Oversight in 38bfae3.

Author: Daniel Gustafsson
Reviewed-by: Michael Paquier, Justin Prysby
Discussion: /messages/by-id/181A6DA8-3B7F-4B71-82D5-363FF0146820@yesql.se
Backpatch-through: 15

Greetings,

Andres Freund

Michael Paquier

michael@paquier.xyz

over 3 years ago

In reply to: Andres Freund (#2)

Re: pg_upgrade test failure

On Mon, Sep 19, 2022 at 02:32:17PM -0700, Andres Freund wrote:

I don't know if actually related to the commit below, but there've been a
lot of runs of the pg_upgrade tests in the meson branch, and this is the first
failure of this kind. Unfortunately the error seems to be transient -
rerunning the tests succeeded.

This smells to me like a race condition in pg_upgrade (or even pg_ctl
for SERVER_LOG_FILE) where the code still has handles on some of the
files in the log/ subdirectory, causing its removal to not be able to
finish happen. If this proves to be rather easy to reproduce, giving
a list of the files still present in this path would give a hint easy
to follow. Does this reproduce with a good frequency?
--
Michael

Andres Freund

andres@anarazel.de

over 3 years ago

In reply to: Michael Paquier (#3)

Re: pg_upgrade test failure

Hi,

On 2022-09-20 10:08:41 +0900, Michael Paquier wrote:

On Mon, Sep 19, 2022 at 02:32:17PM -0700, Andres Freund wrote:

I don't know if actually related to the commit below, but there've been a
lot of runs of the pg_upgrade tests in the meson branch, and this is the first
failure of this kind. Unfortunately the error seems to be transient -
rerunning the tests succeeded.

This smells to me like a race condition in pg_upgrade (or even pg_ctl
for SERVER_LOG_FILE) where the code still has handles on some of the
files in the log/ subdirectory, causing its removal to not be able to
finish happen.

I don't really see what'd race with what here? pg_upgrade has precise control
over what's happening here, no?

If this proves to be rather easy to reproduce, giving
a list of the files still present in this path would give a hint easy
to follow. Does this reproduce with a good frequency?

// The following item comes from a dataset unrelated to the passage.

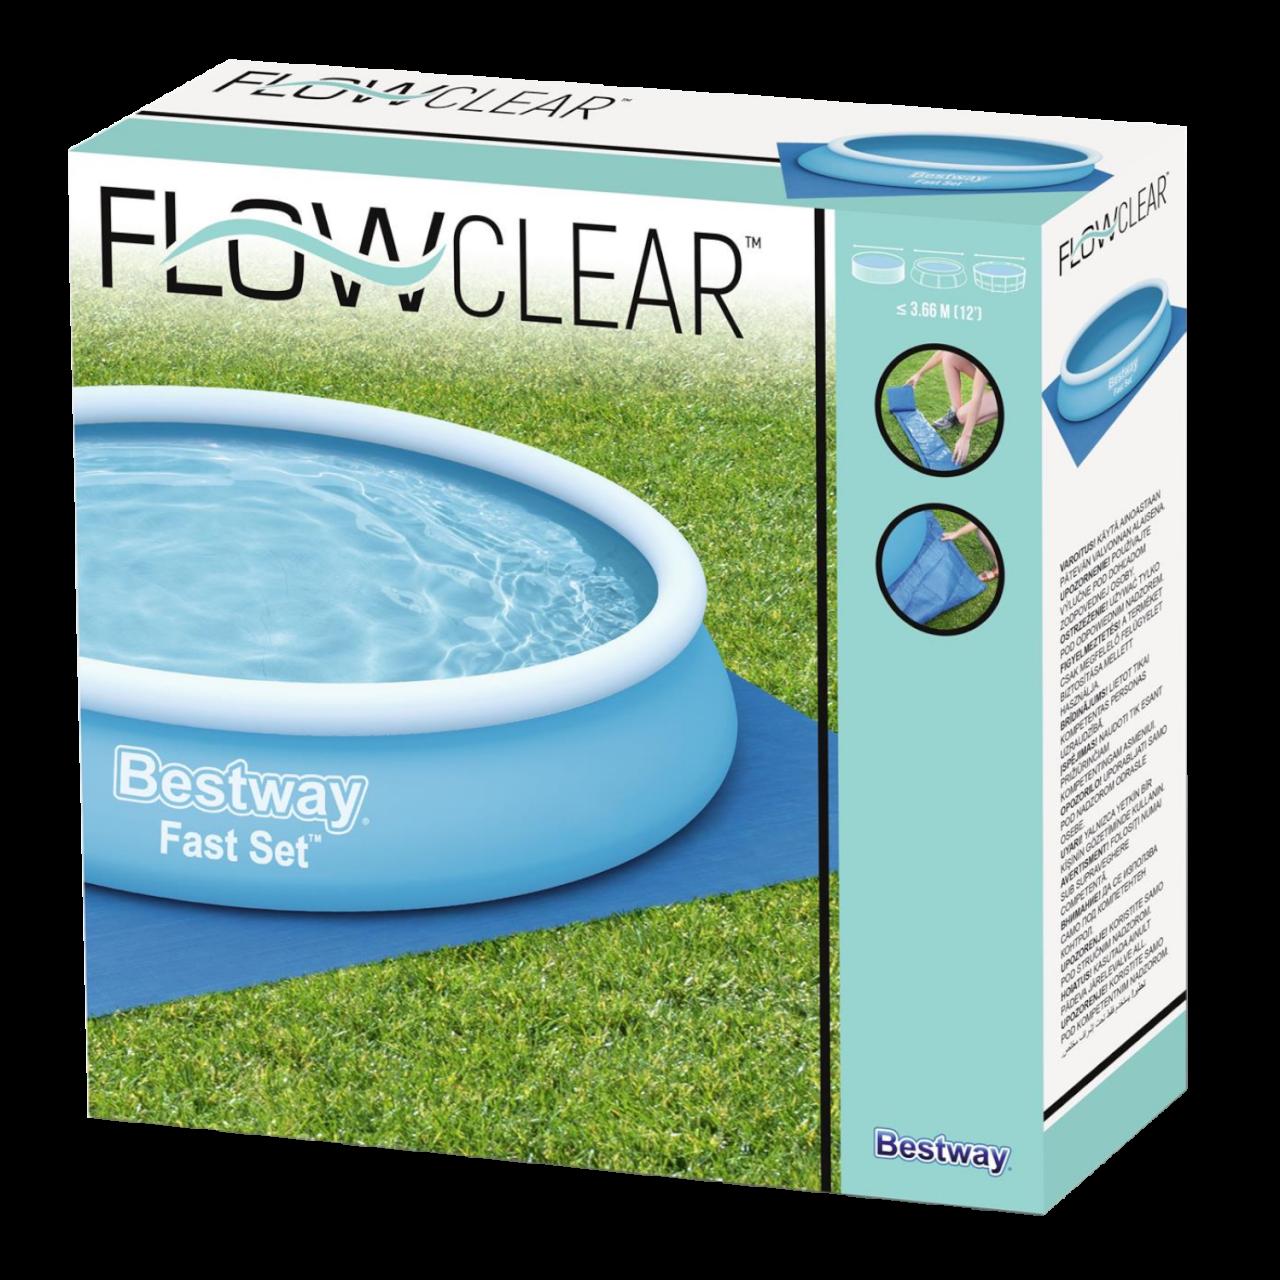 Bestway 58002 Flowclear Bodenplane Quadratisch 396x396cm Bodenschutz Poolschutz

I've only seen it once so far, but there haven't been many CI runs of the
meson branch since rebasing ontop of the last changes to pg_upgrade.

Greetings,

Andres Freund

Michael Paquier

michael@paquier.xyz

over 3 years ago

In reply to: Andres Freund (#4)

Re: pg_upgrade test failure

On Mon, Sep 19, 2022 at 06:13:17PM -0700, Andres Freund wrote:

I don't really see what'd race with what here? pg_upgrade has precise control
over what's happening here, no?

A code path could have forgotten a fclose() for example, but this code
is rather old and close-proof as far as I know. Most of the log files
are used with redirections for external calls, though I don't see
how these could still be hold after pg_upgrade finishes, though :/
Could the use meson somewhat influence when running tests on Windows?

I've only seen it once so far, but there haven't been many CI runs of the
meson branch since rebasing ontop of the last changes to pg_upgrade.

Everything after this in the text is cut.